- Date: 19–21 September 2025
- Edition: 8th
- Surface: Hard (indoor)
- Location: San Francisco, United States
- Venue: Chase Center

Champions
- Team World 15 – 9
- ← 2024 · Laver Cup · 2026 →

= 2025 Laver Cup =

The 2025 Laver Cup was the eighth edition of the Laver Cup, a men's tennis tournament between teams from Europe and the rest of the world. Held at the Chase Center in San Francisco, United States from 19–21 September, it was held on a hard court on the arena floor.

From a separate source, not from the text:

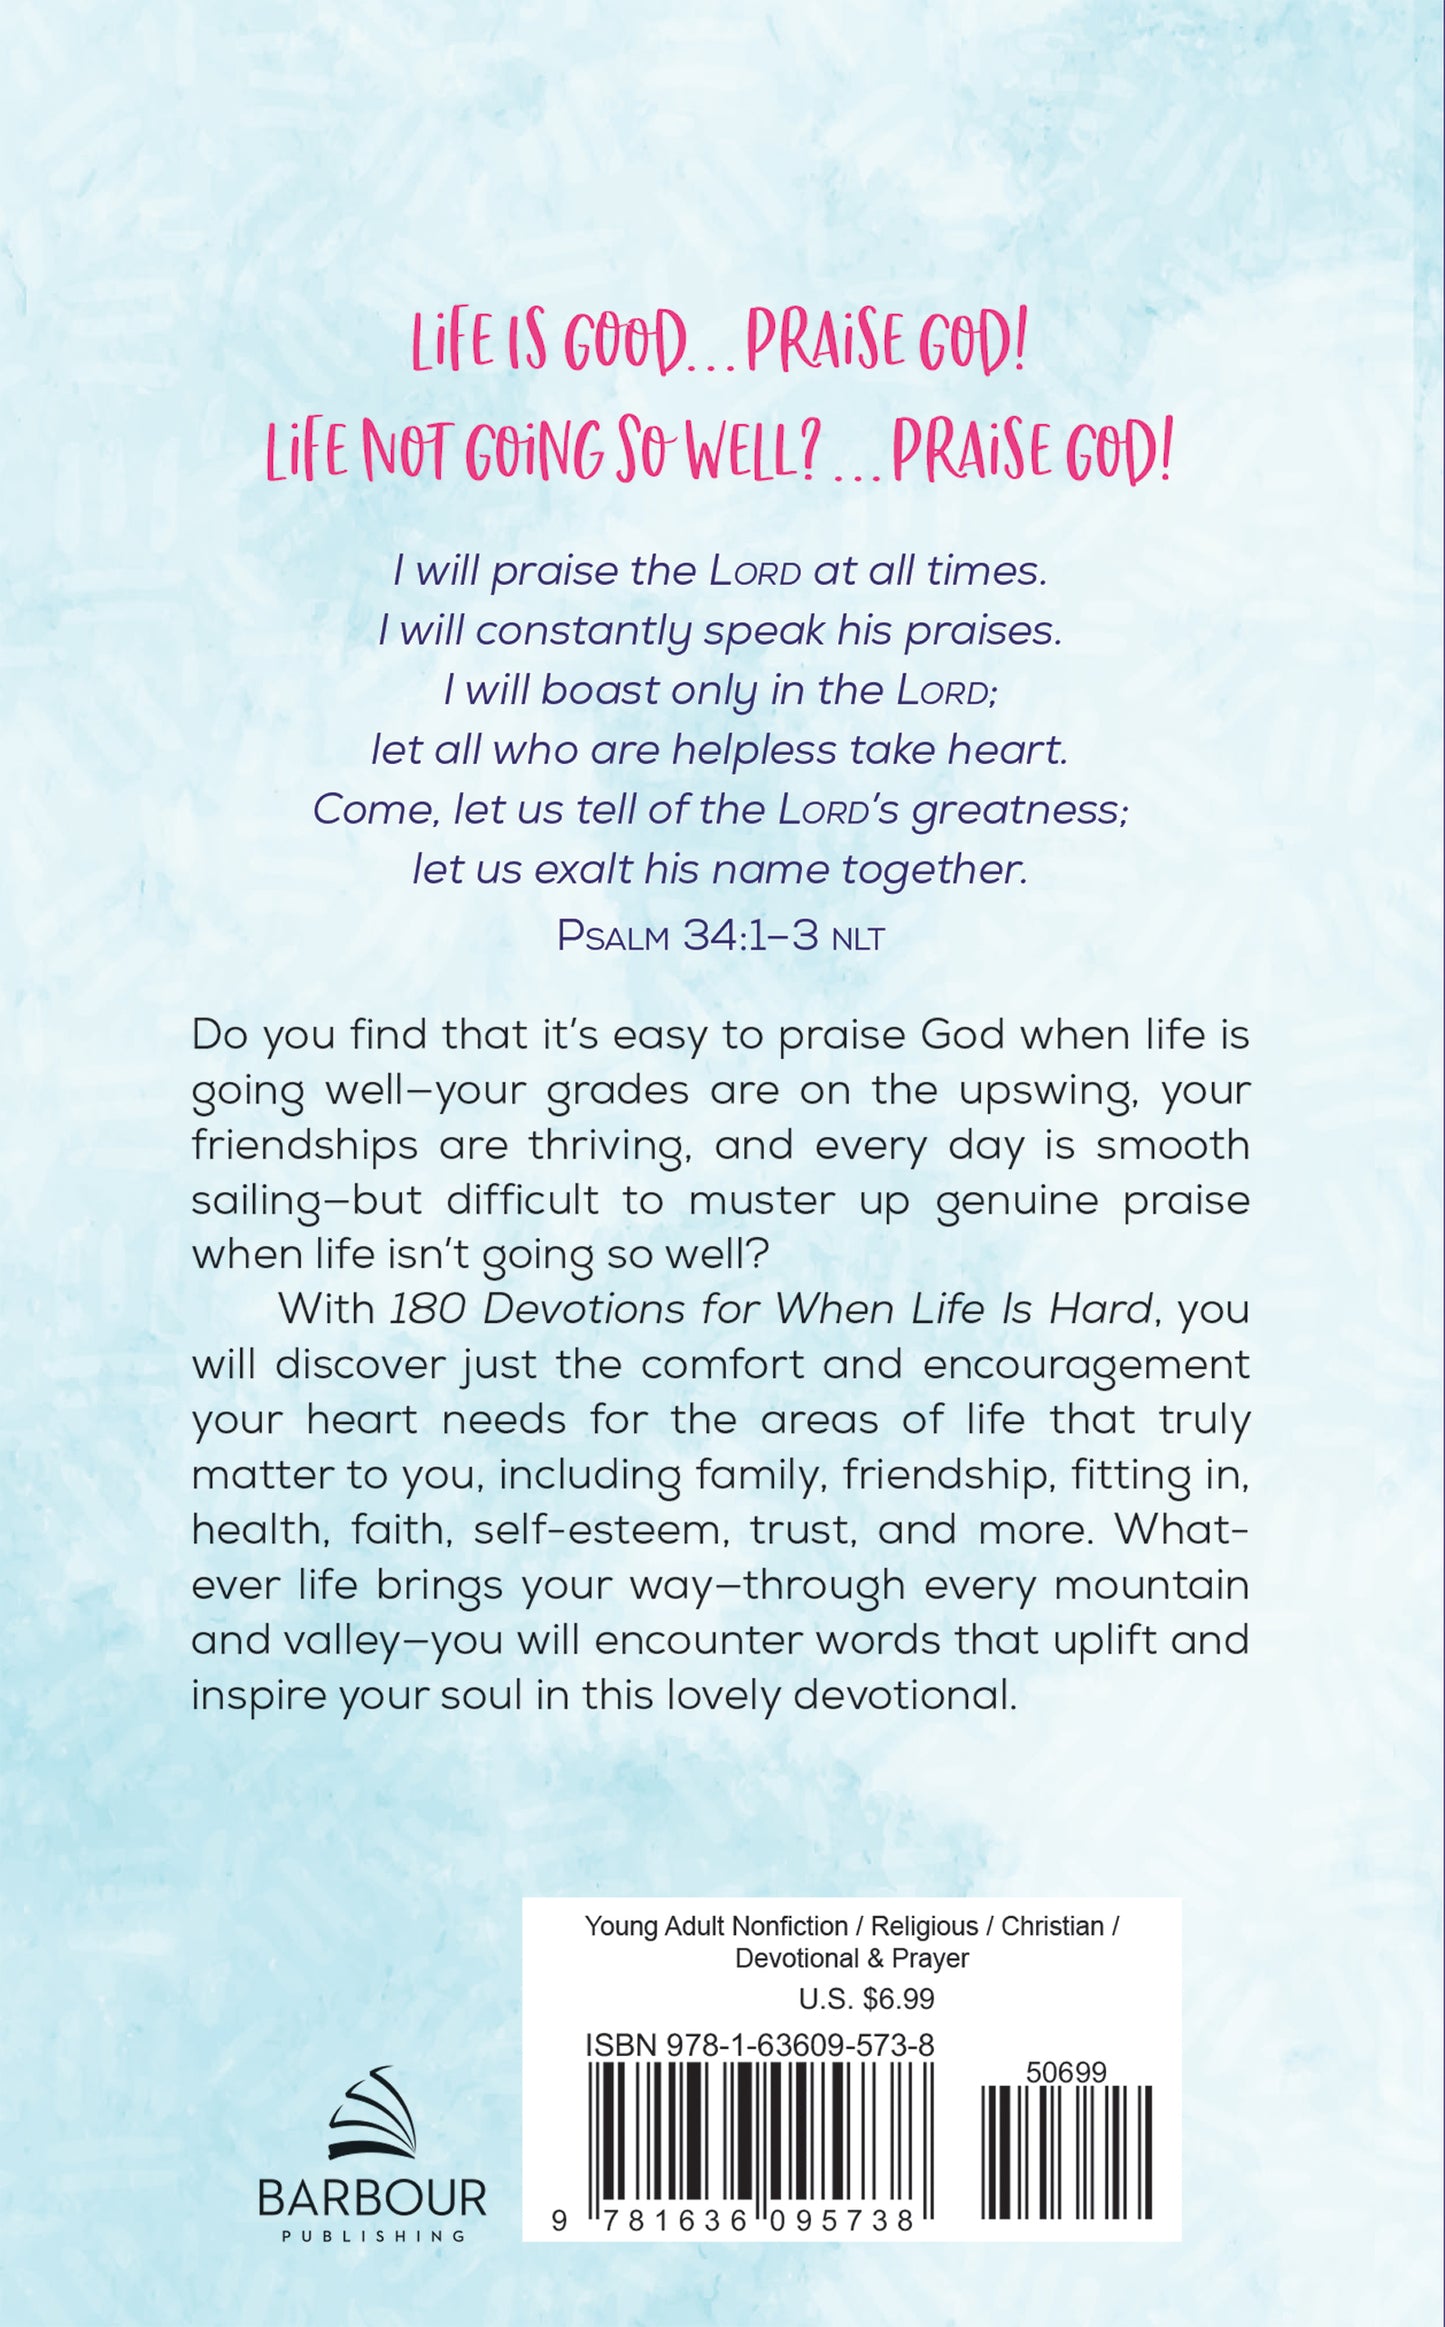 180 Devotions for When Life Is Hard (teen girl) - The Christian Gift Company

Yannick Noah and Andre Agassi served as team captains, both for the first time. Team World defeated Team Europe 15–9 to earn their third title.

== Player selection ==
On 2 December 2024, Carlos Alcaraz and Taylor Fritz were the first players to confirm their participation for Team Europe and Team World respectively. On 20 February 2025, Alexander Zverev and Ben Shelton were the next players to announce their participation. Tommy Paul was confirmed for the event on 1 April 2025. On 13 May 2025, organizers announced that Holger Rune and João Fonseca would make their Laver Cup debuts. On 30 July 2025, Casper Ruud and on 12 August, Frances Tiafoe announced their participation in the event.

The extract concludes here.